Step 3. Slide the weights one by one
First, slide the weight on the 100 g arm to the right. Continue sliding until the marker is below the equilibrium point. The scale on the balance arm is calculated from the left side stating the mass of the object in units of hundreds of grams. Swipe from one point to another.
- Slide the weight on the 10 g arm to the right. Keep sliding until the marker is below the equilibrium point. The scale on the balance arm is calculated from the left side stating the mass of the object in tens of grams.
- The front arm of the balance is not marked with a scale. You can shift the weights to any side. The number that is read on the arm represents the mass of the object in grams. The bold lines between the numbers on the arms represent tenths of a gram.
Step 4. Calculate the mass of the object
Now, you can calculate the mass of the object on the balance plate. You only need to add up the numbers that are read on the three arms of the balance.

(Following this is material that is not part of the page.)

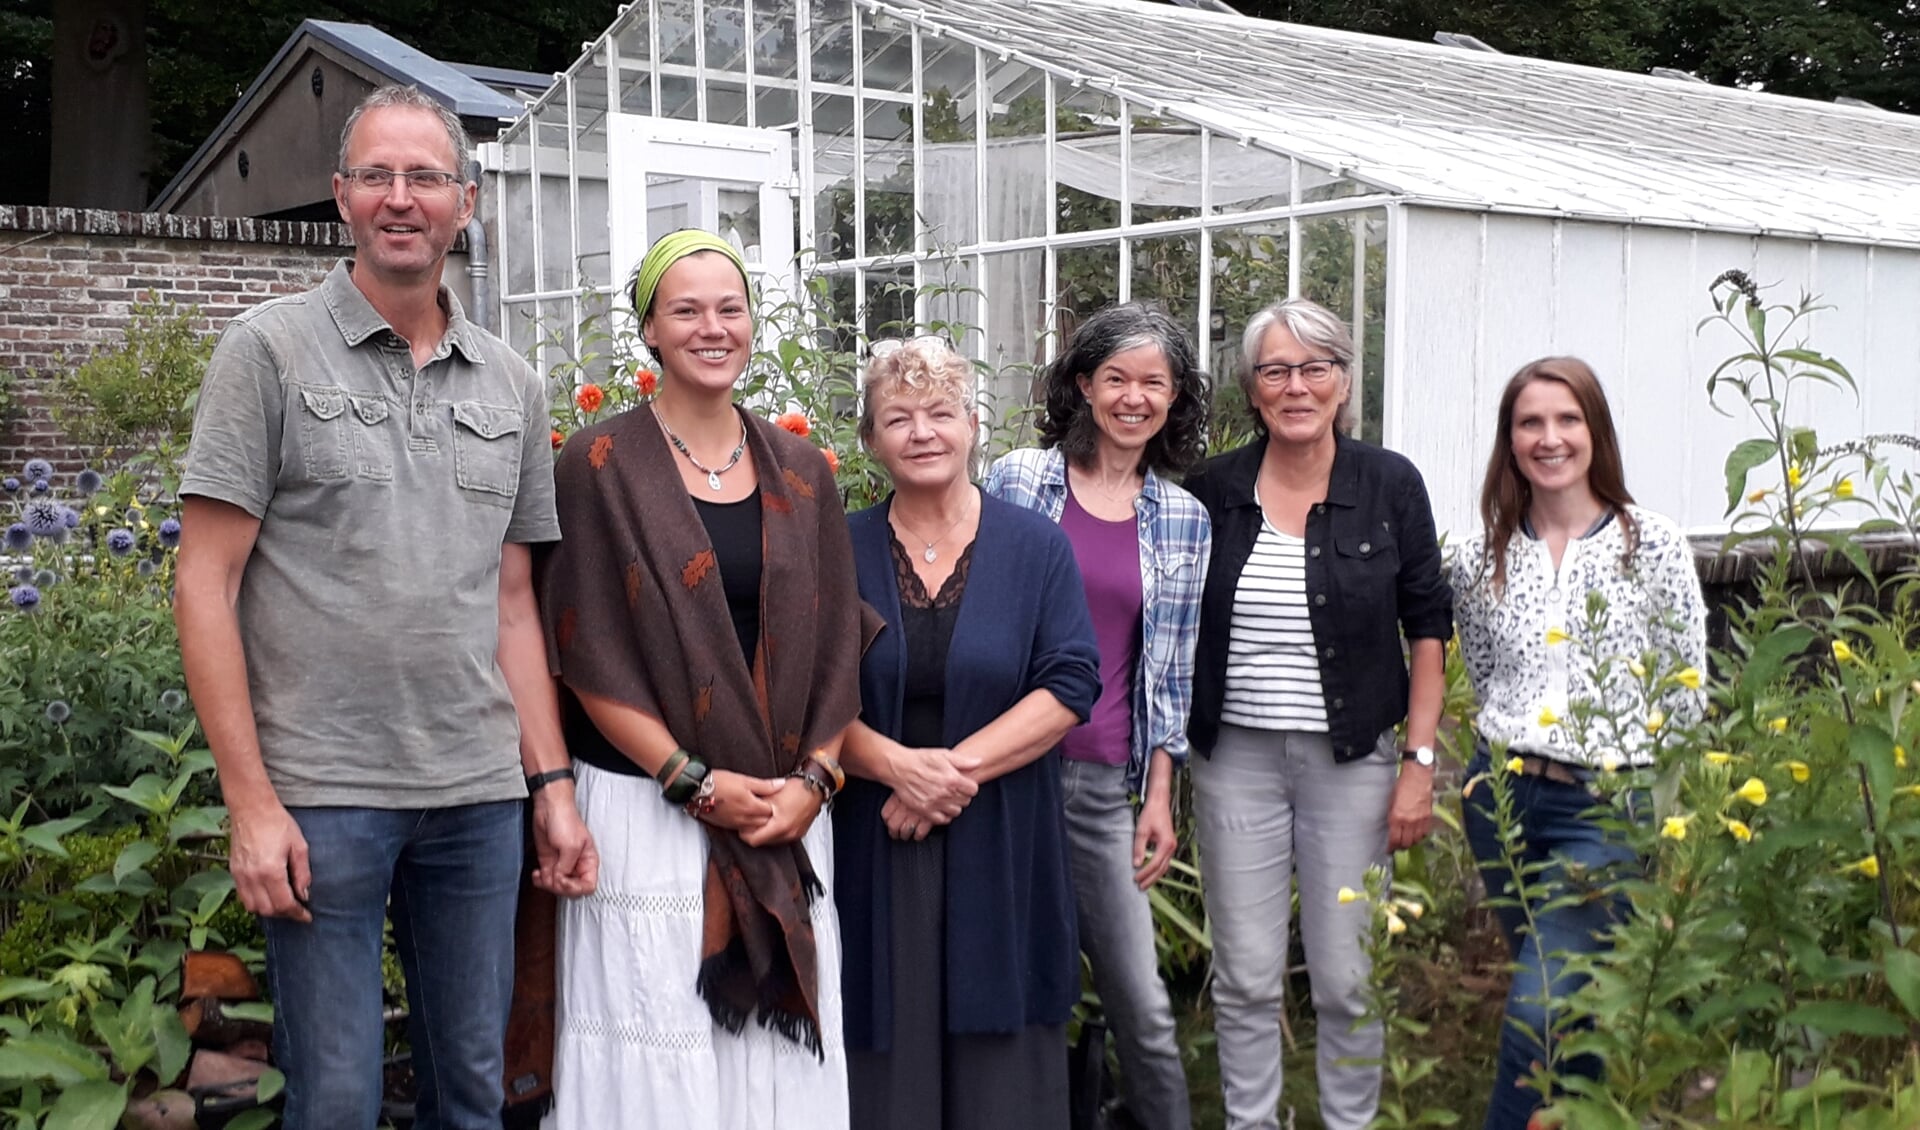 Genomineerd voor het Groene Lintje 2019 waren Luuk Schouten (tuinderij Eyckenstein), Astrid Nubé en Trudie van Haaster (RecycleLAB) en Joanne Ronhaar, Willy Douma en Maaike Noorlander (BiltsHeerlijk).

- Read the front arm like reading a ruler. You can read it to the nearest half line.
- For example, let's say you measure the mass of a can of soda. If the back arm reads 70 g, the middle arm reads 300 g, and the front arm reads 3.34 g, the mass of the can of soda is 373.34 g.
Tips
- The symbol for mass is m or M.
- You can use an online calculator to calculate mass if you already know the volume and specific gravity.